The piece mentions how because of Sistani's moderate viewpoints, he has been the target of various assassination attempts and his co-workers have been killed one by one. Magister's quote of the words of the Chaldean patriarch after meeting Sistani are instructive:
“The grand ayatollah received us with a warm ’welcome,’ he spent an hour with us, and at the end he did not disguise his satisfaction. Our common desire is that of finding a way to bring peace and tranquility to the country. We both know that Iraq is sick, but we want to find together the medicines to heal it. We talked together like two brothers who love each other.”
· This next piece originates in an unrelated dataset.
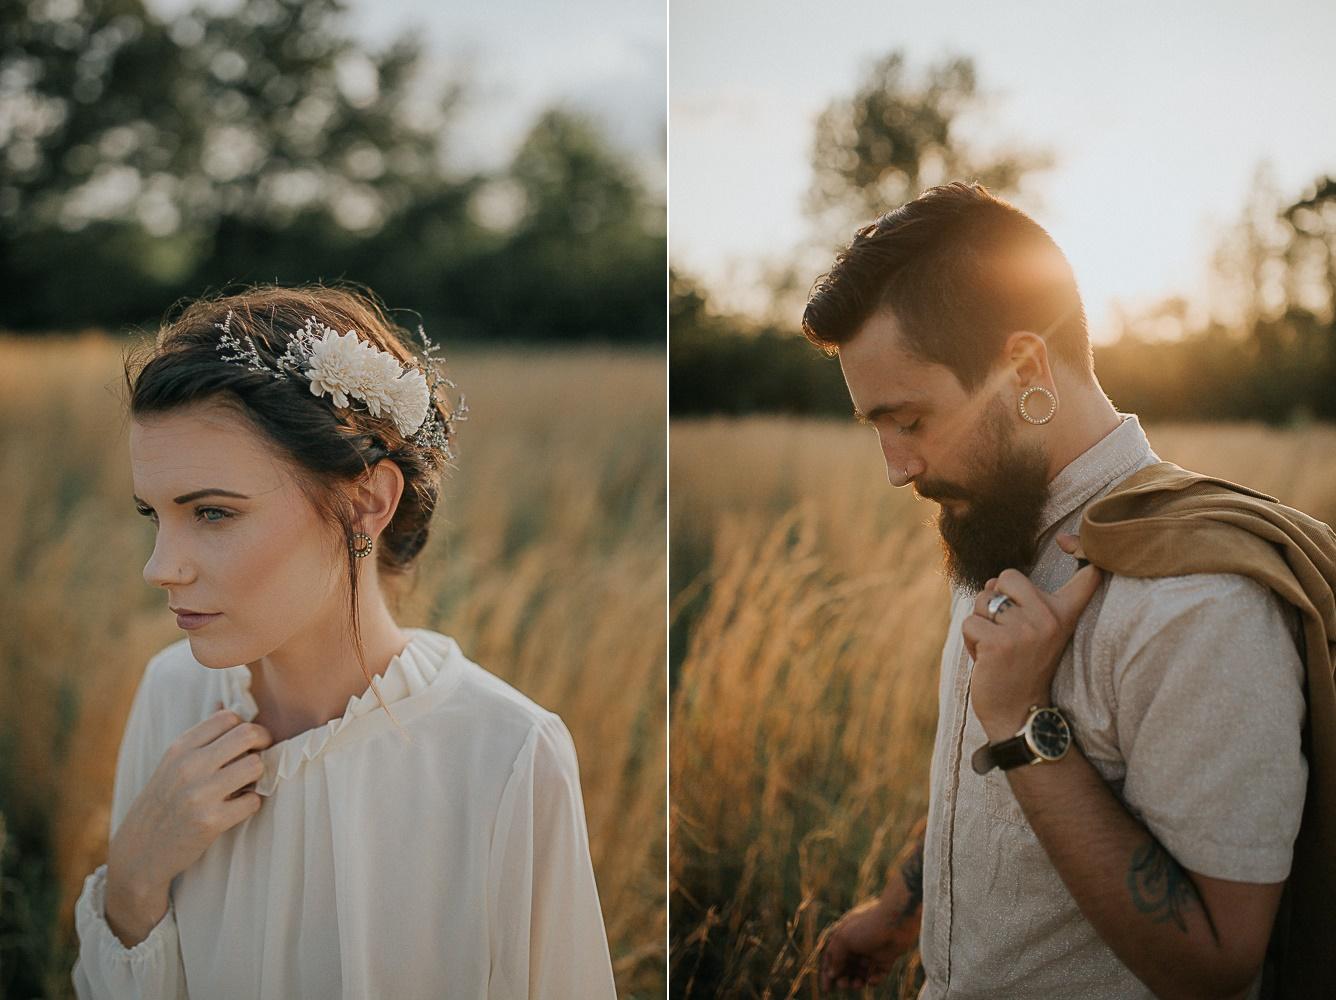 Cassie Cook Photography-Memphis TN-portrait and wedding photographer -6842-horz.jpg

Magister also notes the grand ayatollah's response to the Regensburg speech which sharply contrasted with much of the Muslim world:
In September of 2006, during the days of violent anti-papal protest that exploded in the Muslim world after Benedict XVI’s lecture in Regensburg, representatives from Sistani paid two visits to the secretary of the Vatican nunciature in Baghdad, Thomas Hlim Sbib, in order to express esteem and friendship toward Benedict XVI, and the desire for a meeting with him in Rome.
Magister rightly points to the /religious/ background of Sistani's moderation which is a traditional look at Shi'ism. Shi'ism looks to the twelfth imam who has left this world and will return again someday. While Khomeini's revolution in Iran was not only a political one, but also a religious one in redefining Shi'ism, Sistani holds to the old ways:
Amir Taheri, an Iranian intellectual exiled in the West, says: “For Sistani, power belongs to the twelfth imam. But since he is gone, it passes to the people. The final decision is to be made by the individual on the basis of reason, the greatest gift from God. Sistani’s vision is Aristotelian, a society of pious citizens.”
The grand ayatollah's website may be found at www.sistani.org.